What does the term "concurrency agnostic" means exactly?


I am trying to understand Java reactive library and I came through this keyword "concurrency-agnostic" here. Can someone provide a small working example to better understand this?

Does it mean that the developer has to make sure that his code will work fine and will achieve concurrency?

p.s: very new to concurrent / parallel applications


Solution

  • This is what the doc says:

    ...it does not enforce a concurrency model. Rather, it leaves you, the developer, in command. However, that does not prevent the library from helping you with concurrency.
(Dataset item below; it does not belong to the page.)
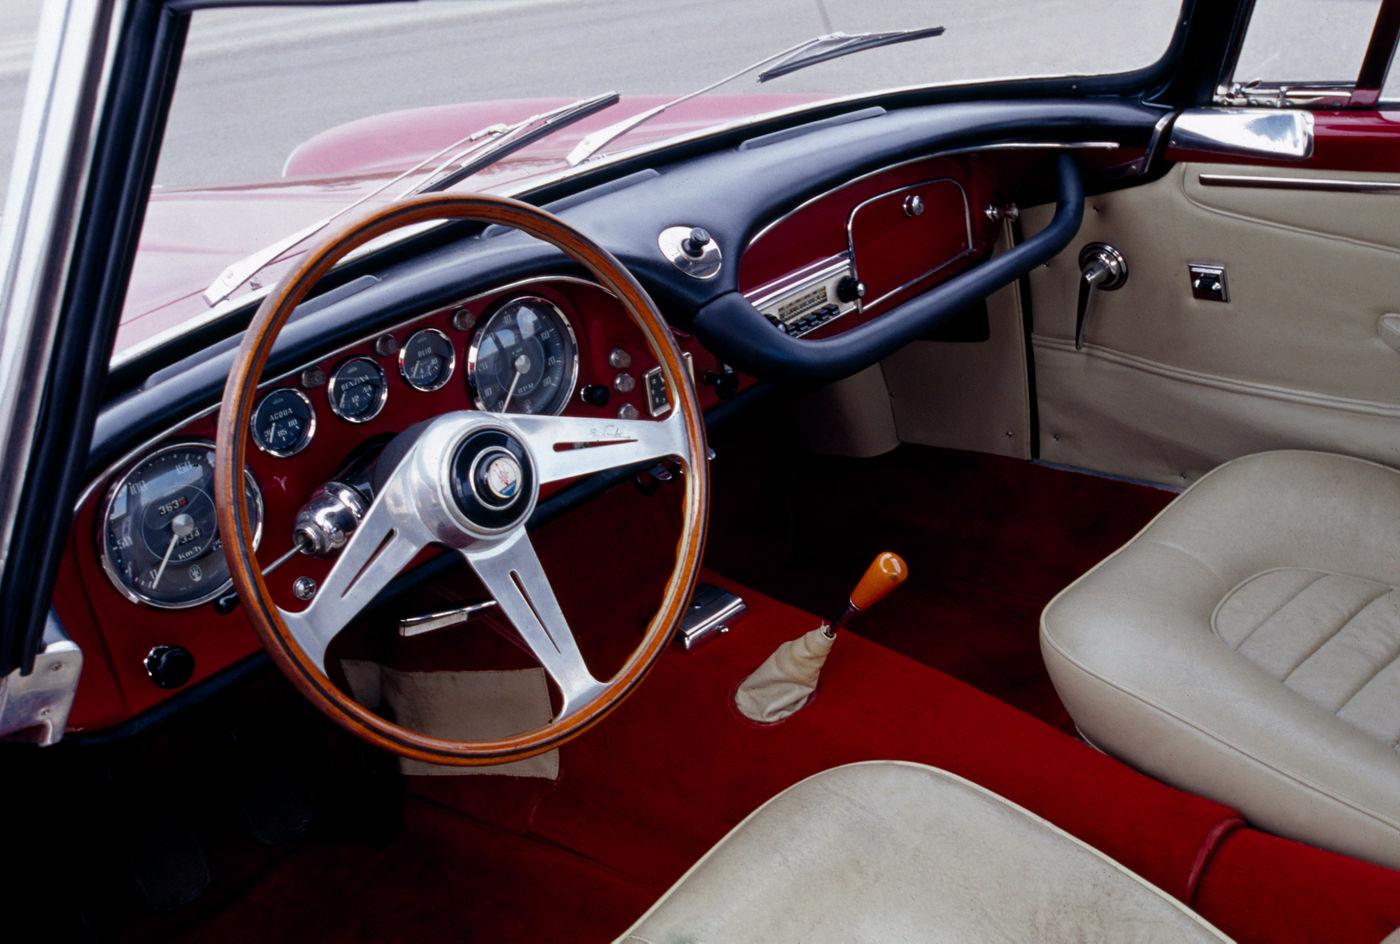 1957 Maserati 3500GT - interior of the classic car model in red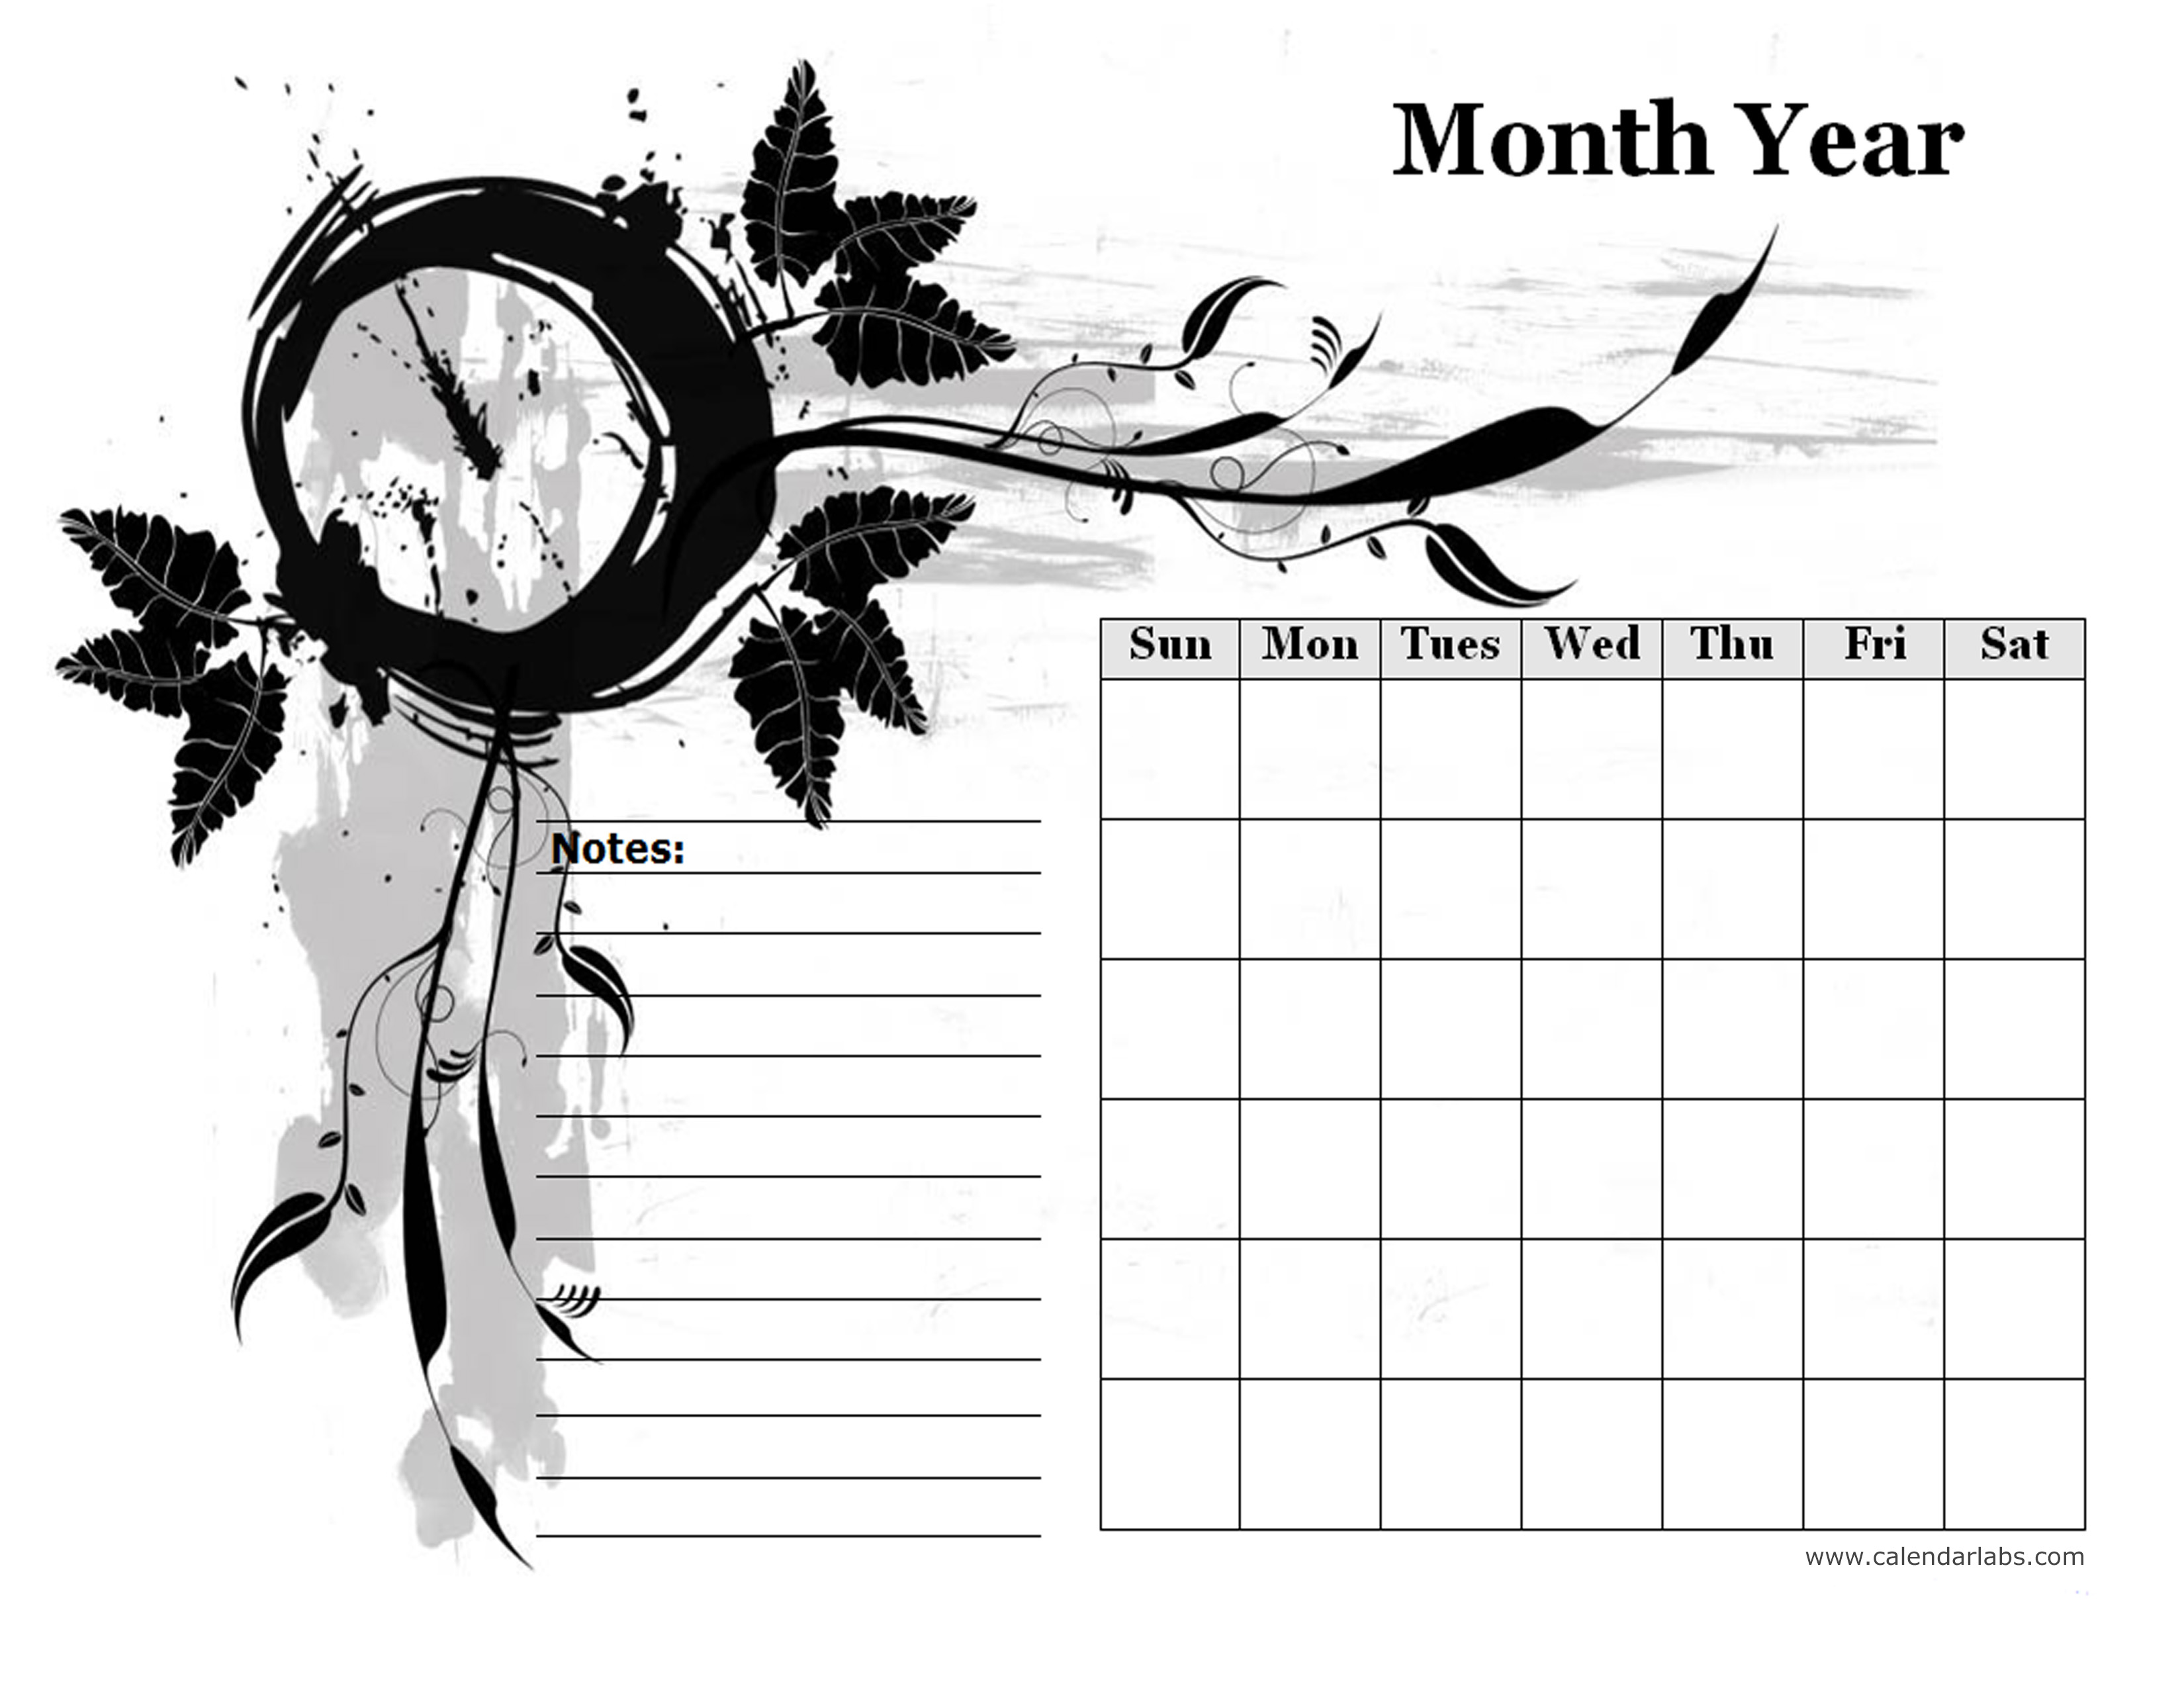 Monthly Blank Calendar In Designer Monochrome Free Printable Templates

    Obtaining a Flux or a Mono does not necessarily mean that it runs in a dedicated Thread. Instead, most operators continue working in the Thread on which the previous operator executed

    Let's see a couple of examples:

    1) Non concurrent/parallel execution. By default Project Reactor doesn't enforce concurrency. That's why the following Mono runs on the same thread (main) where it was subscribed:

            Logger logger = LoggerFactory.getLogger(MyApplication.class);
    
            Mono<String> helloMono = Mono.defer(() -> Mono.just("Hello!"))
                    .doOnNext(logger::info);
    
            helloMono.subscribe();
    

    Logs:

    22:06:15.235 [main] DEBUG reactor.util.Loggers$LoggerFactory - Using Slf4j logging framework
    22:06:19.841 [main] INFO MyApplication - Hello!
    

    2) Parallel execution. We can make the Mono execute on a different thread, enforcing parallelism using the subscribeOn() operation. Notice how the Mono runs on the elastic-2 thread and we need to use a CountDownLatch to force the program to wait:

            Logger logger = LoggerFactory.getLogger(MyApplication.class);
    
            Mono<String> helloMono = Mono.defer(() -> Mono.just("Hello!"))
                    .doOnNext(logger::info)
                    .doOnTerminate(latch::countDown)
                    .subscribeOn(Schedulers.elastic());
    
            helloMono.subscribe();
    
            latch.await();
    

    Logs:

    22:11:26.704 [main] DEBUG reactor.util.Loggers$LoggerFactory - Using Slf4j logging framework
    22:11:26.733 [elastic-2] INFO MyApplication - Hello!
    

    Frameworks such as WebFlux use an approach similar to the second scenario in which I/O operations free the calling thread (http threads). They are run in parallel using those other thread pools.